### TASK TO CARRY OUT
Leaving the pictures aside, repeat every line below exactly.

### DATA BELOW
=== Begin Enclosure ===

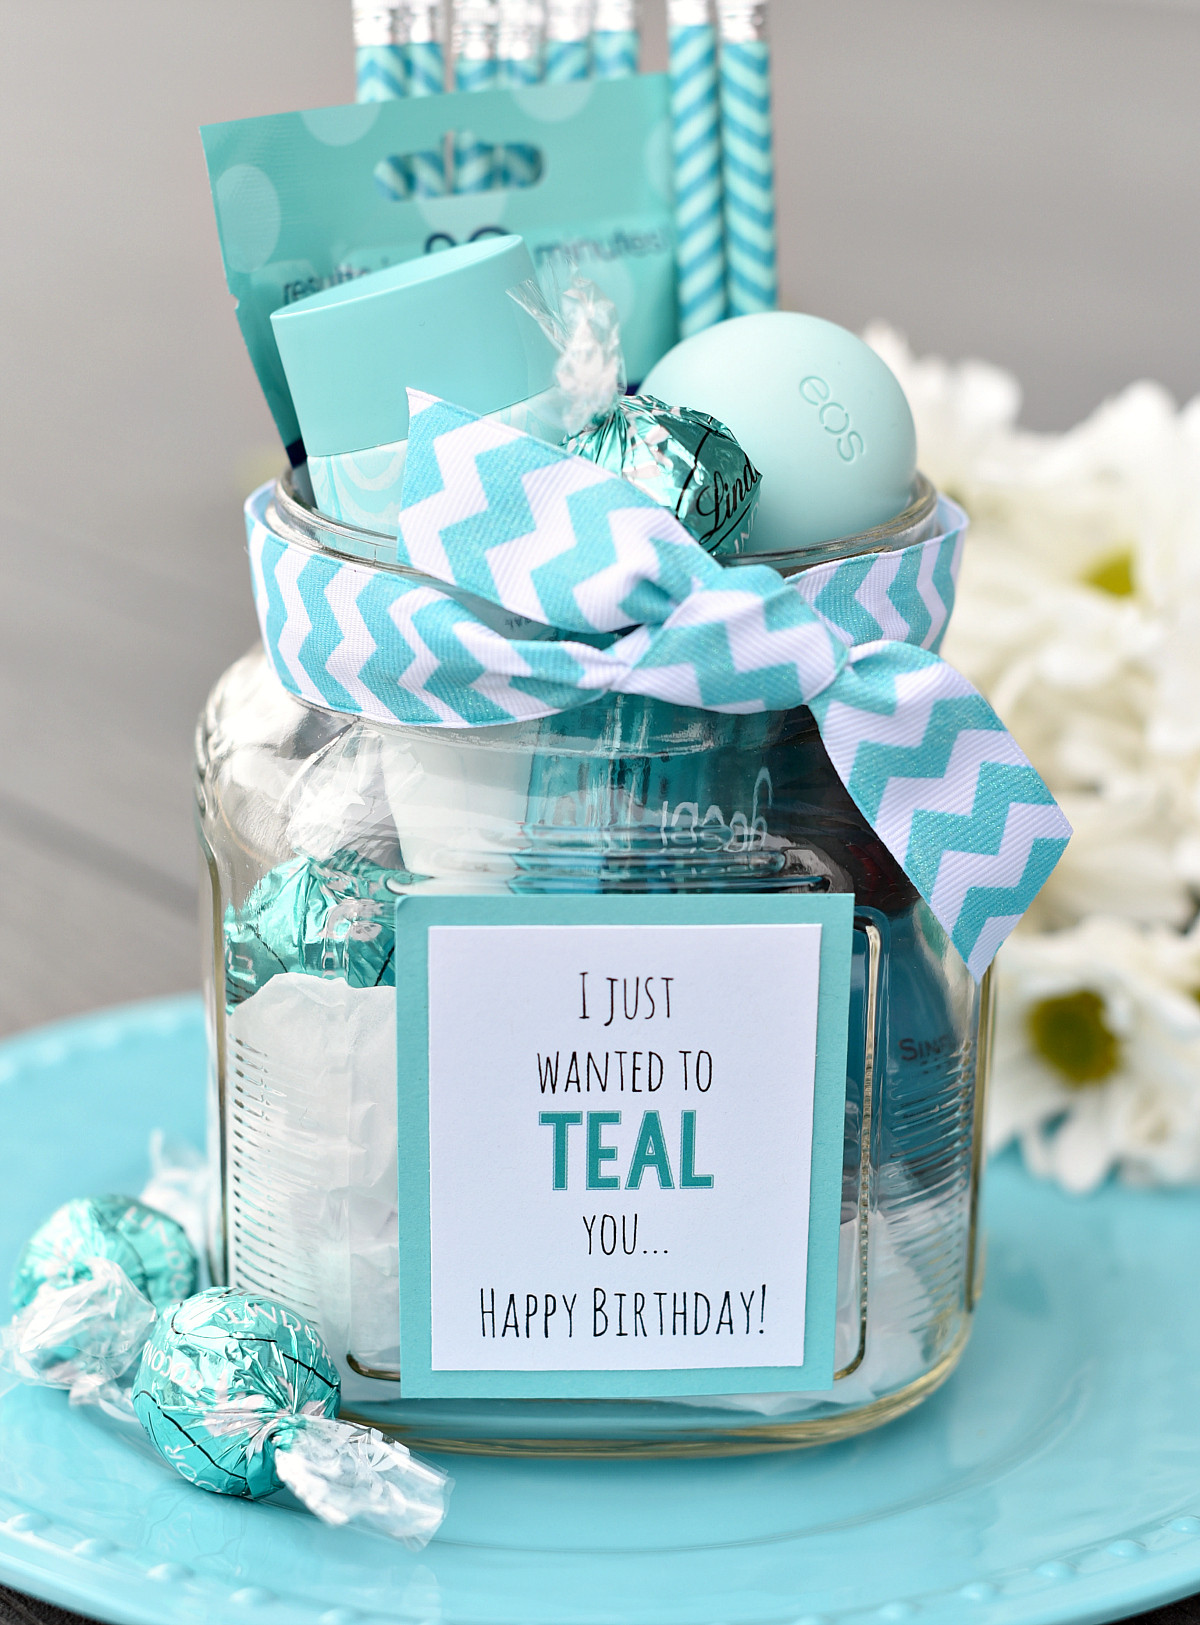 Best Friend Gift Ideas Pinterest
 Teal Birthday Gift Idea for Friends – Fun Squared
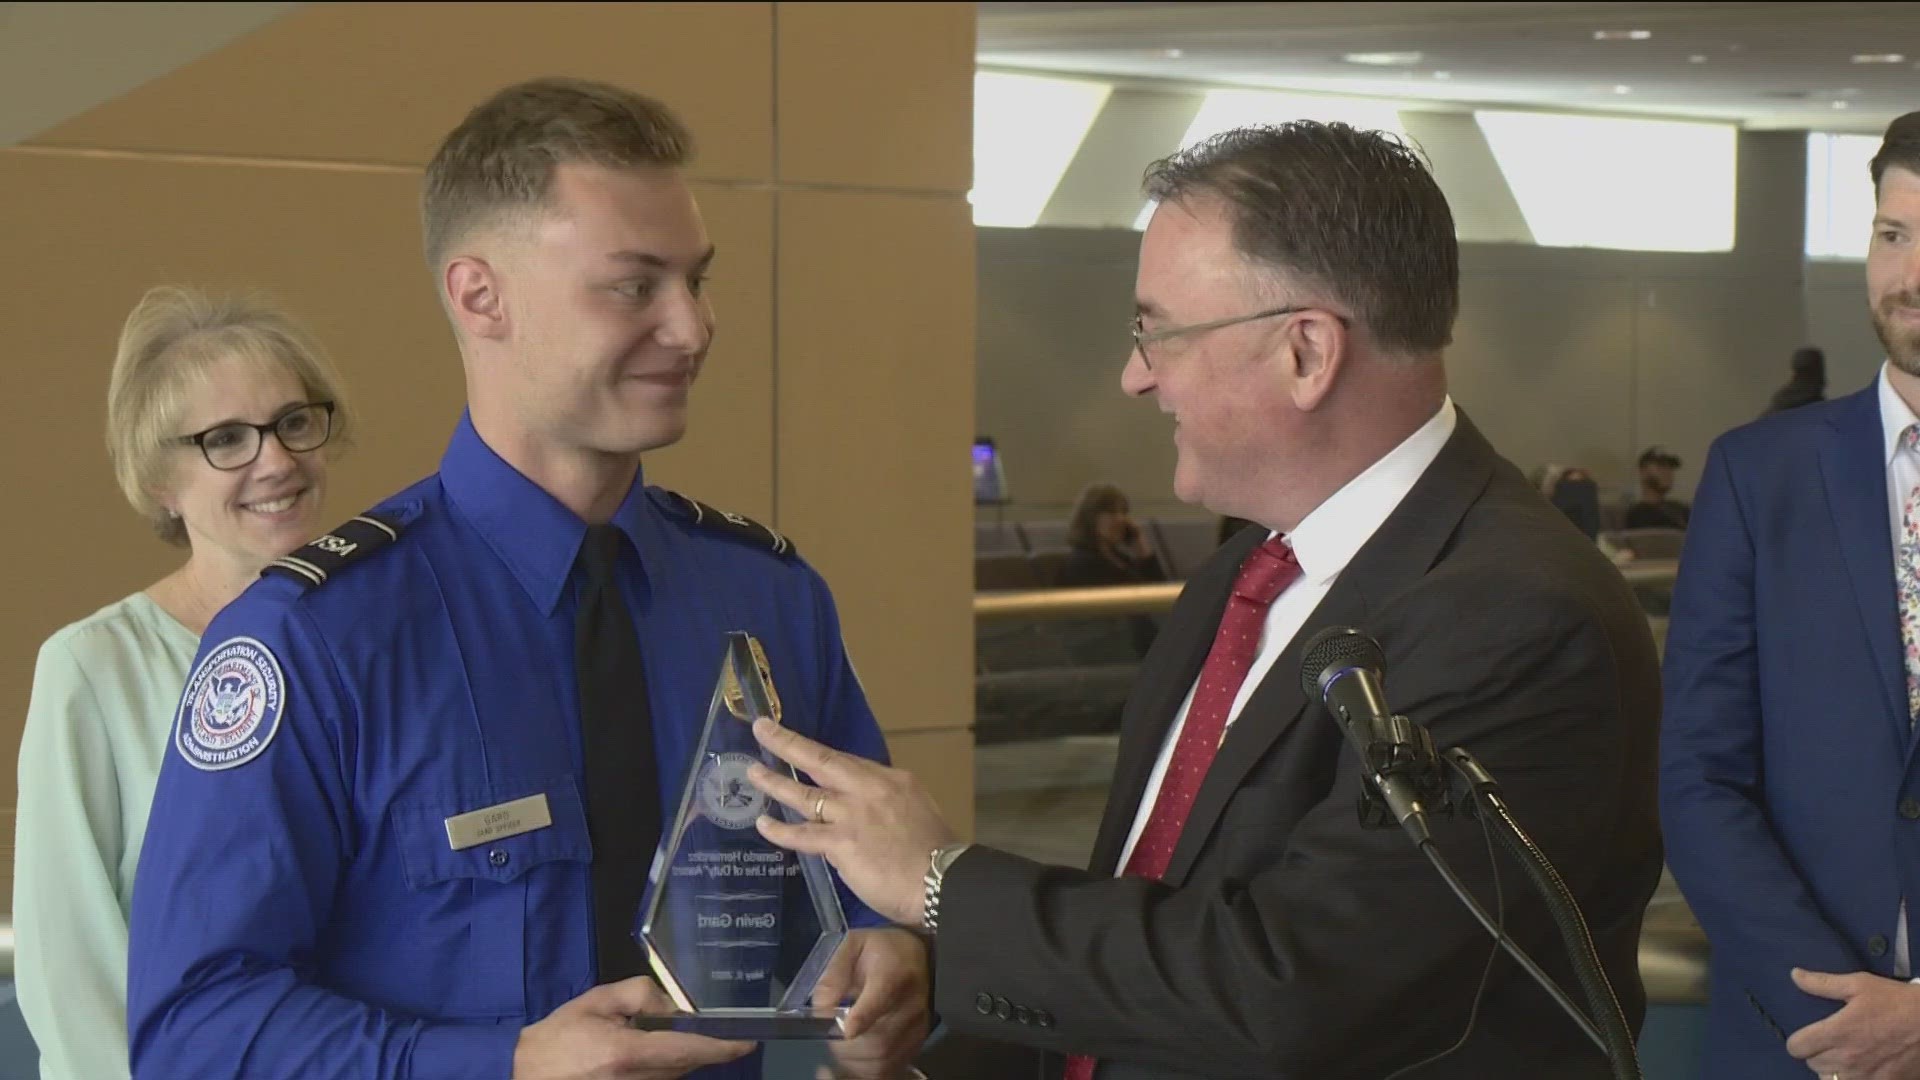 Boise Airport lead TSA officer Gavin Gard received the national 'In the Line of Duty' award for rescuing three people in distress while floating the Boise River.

=== End Enclosure ===

### SOLUTION TO THE PROBLEM
 Best Friend Gift Ideas Pinterest
 Teal Birthday Gift Idea for Friends – Fun Squared
 Boise Airport lead TSA officer Gavin Gard received the national 'In the Line of Duty' award for rescuing three people in distress while floating the Boise River.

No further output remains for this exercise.